Одним широким шагом он приблизился к индусу. Поклонившись с высоты своего изрядного роста — он был даже выше индуса, — он проговорил невозмутимо-развязным тоном:

— Добрый вечер, сэр. Что вам угодно?

Крупное жёлтое лицо обратилось к нему с медлительностью большого судна, разворачивающегося в гавани, и наконец над белым плечом показались глаза. Спутники изумились, увидев, что жёлтые веки плотно запечатаны, будто во сне.

— Благодарю вас, — произнесло лицо на безупречном английском языке. — Мне ничего не нужно. — Потом, приподняв веки, так что показалось перламутровое глазное яблоко, индус повторил: — Мне ничего не нужно. — После этого он распахнул глаза и опять проговорил: — Мне ничего не нужно, — и, шурша травой, удалился в стремительно темнеющий сад.

— Христианин, как правило, скромнее, — пробормотал отец Браун. — Ему всегда что-то нужно.

— Но чем, скажите на милость, он тут занимался? — вопросил Фламбо, сдвинув чёрные брови и понизив голос.

— Я бы хотел переговорить с вами позднее, — отозвался отец Браун.

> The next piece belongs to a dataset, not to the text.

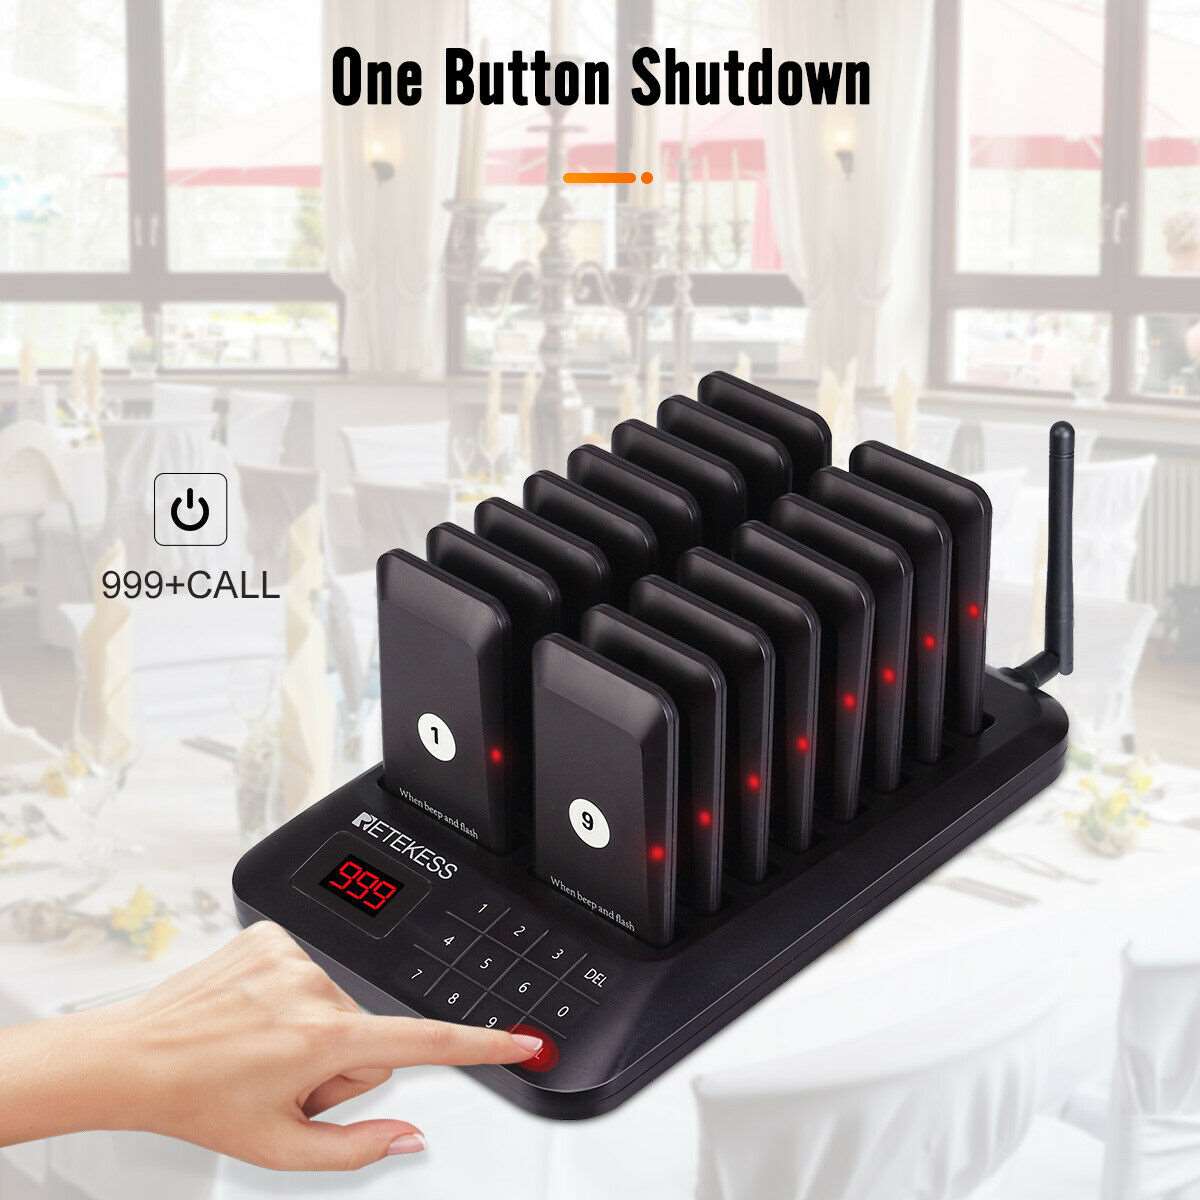 Retekess TD157 Pager Restaurant, Waiter Paging System, 20H Restaurant Buzzers Touch Screen 1 Calling Keypad with 16 Pagers Black

Солнечный свет ещё не померк, но превратился в красноватое вечернее свечение; могучие садовые деревья и кустарники делались всё чернее и чернее. Спутники обогнули оранжерею и молча зашагали вдоль другой её стороны обратно к входной двери. По пути они, казалось, кого-то вспугнули — точно подняли птицу на крыло — в тёмном уголке между кабинетом и главным зданием; взорам их вновь предстал факир, скользнувший из тени в сторону входной двери. Но в темноте был кто-то ещё. Им пришлось сдержать своё изумление, потому что навстречу им из предзакатных теней вышла миссис Квинтон — тяжёлые золотистые волосы и бледное угловатое лицо. Она казалась слегка встревоженной, но держалась с безупречной любезностью.

— Добрый вечер, доктор Харрис, — только это и сказала она.

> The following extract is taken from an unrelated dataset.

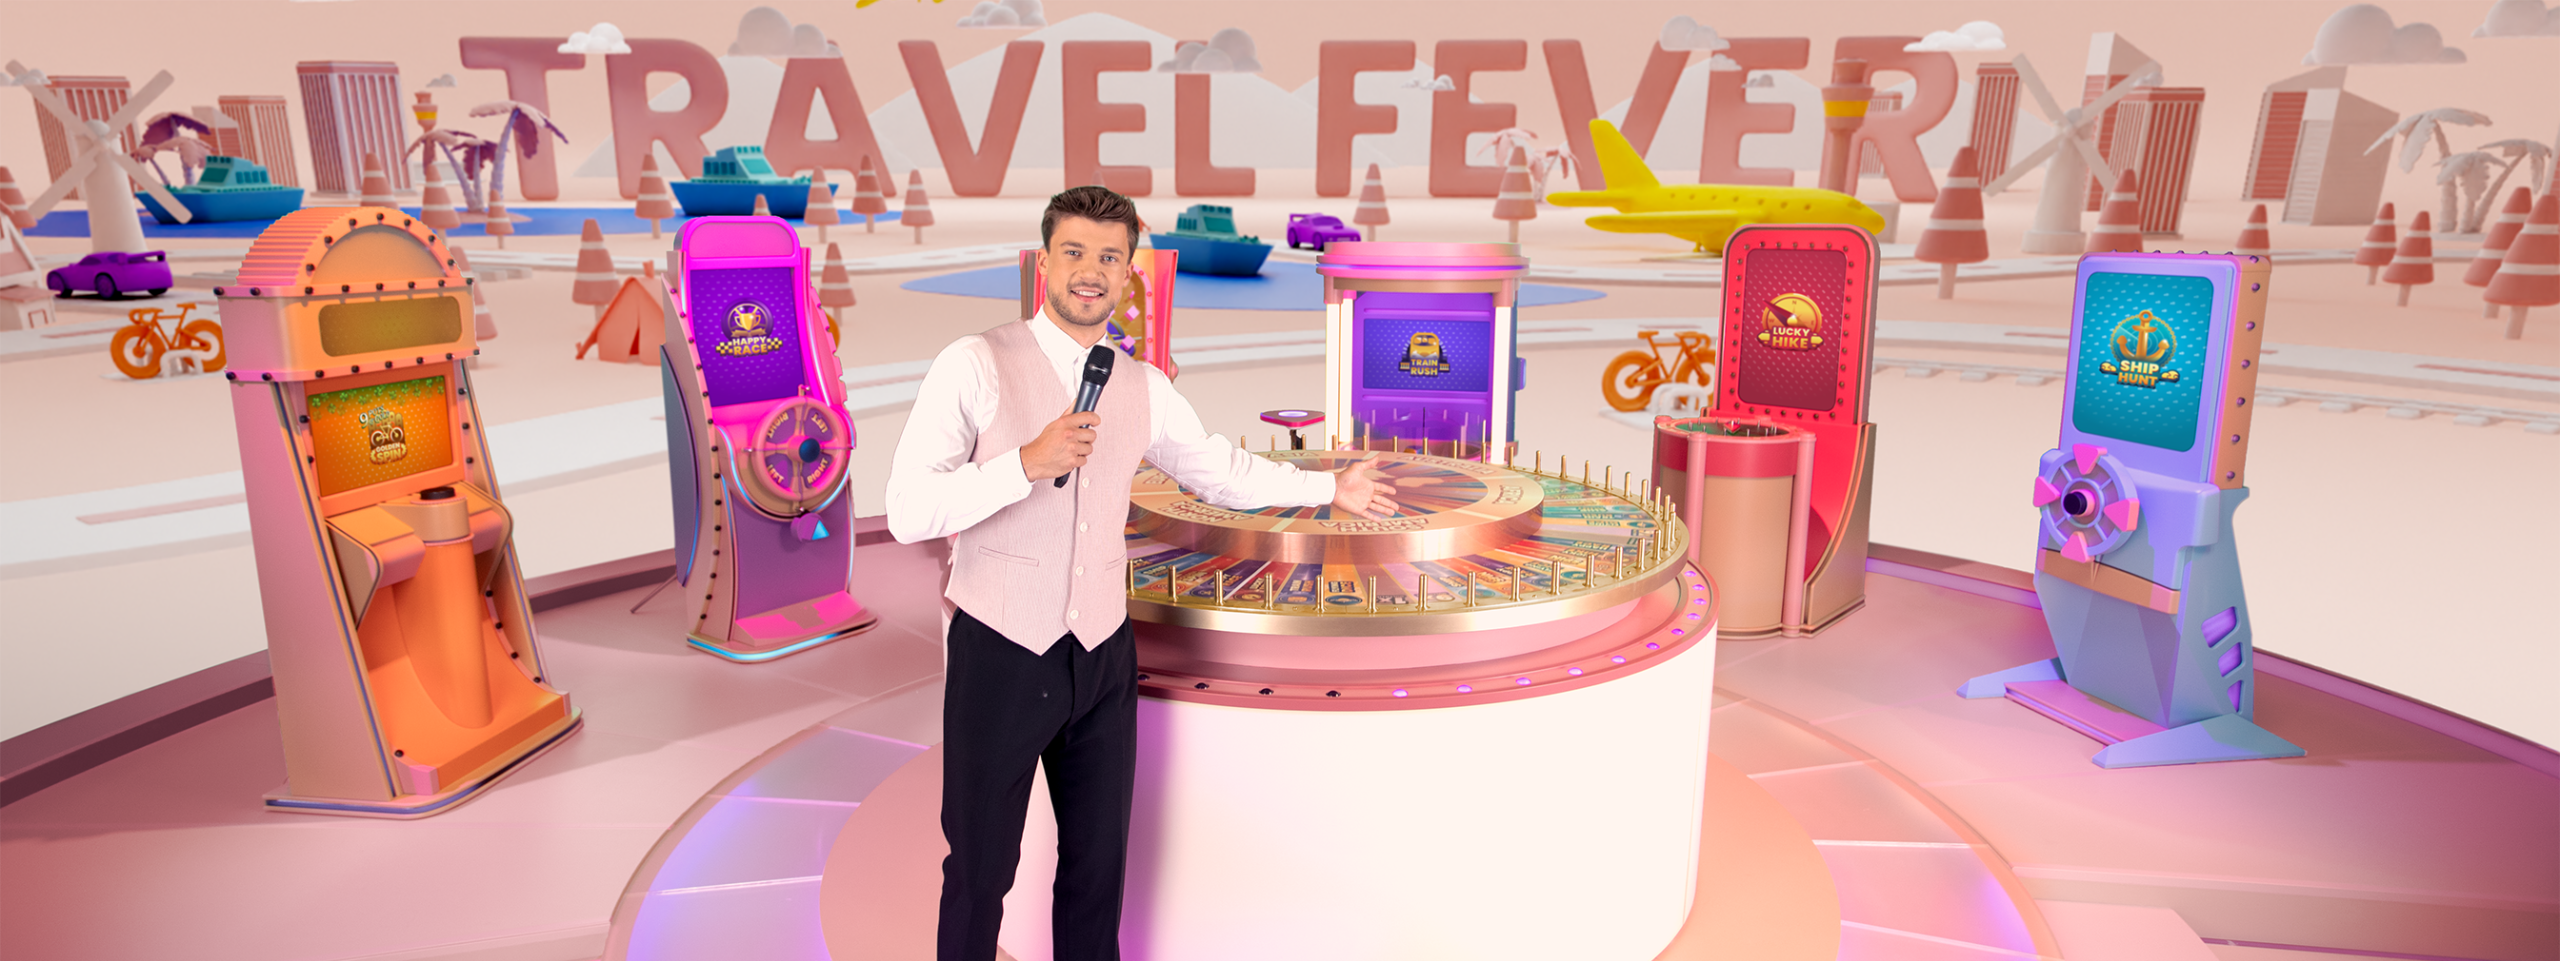 Screenshot of Travel Fever gameplay, featuring male presenter.

— Добрый вечер, миссис Квинтон, — приветливо откликнулся маленький доктор. — Я как раз собирался дать вашему мужу снотворное.

— Да, — произнесла она отчётливо. — Полагаю, сейчас самое время.

Одарив всех улыбкой, она плавно прошествовала в дом.

— Силы у неё на исходе, — заметил отец Браун. — Она из тех женщин, которые двадцать лет кряду исполняют свой долг, а потом совершают нечто ужасное.

Маленький доктор впервые взглянул на него с интересом.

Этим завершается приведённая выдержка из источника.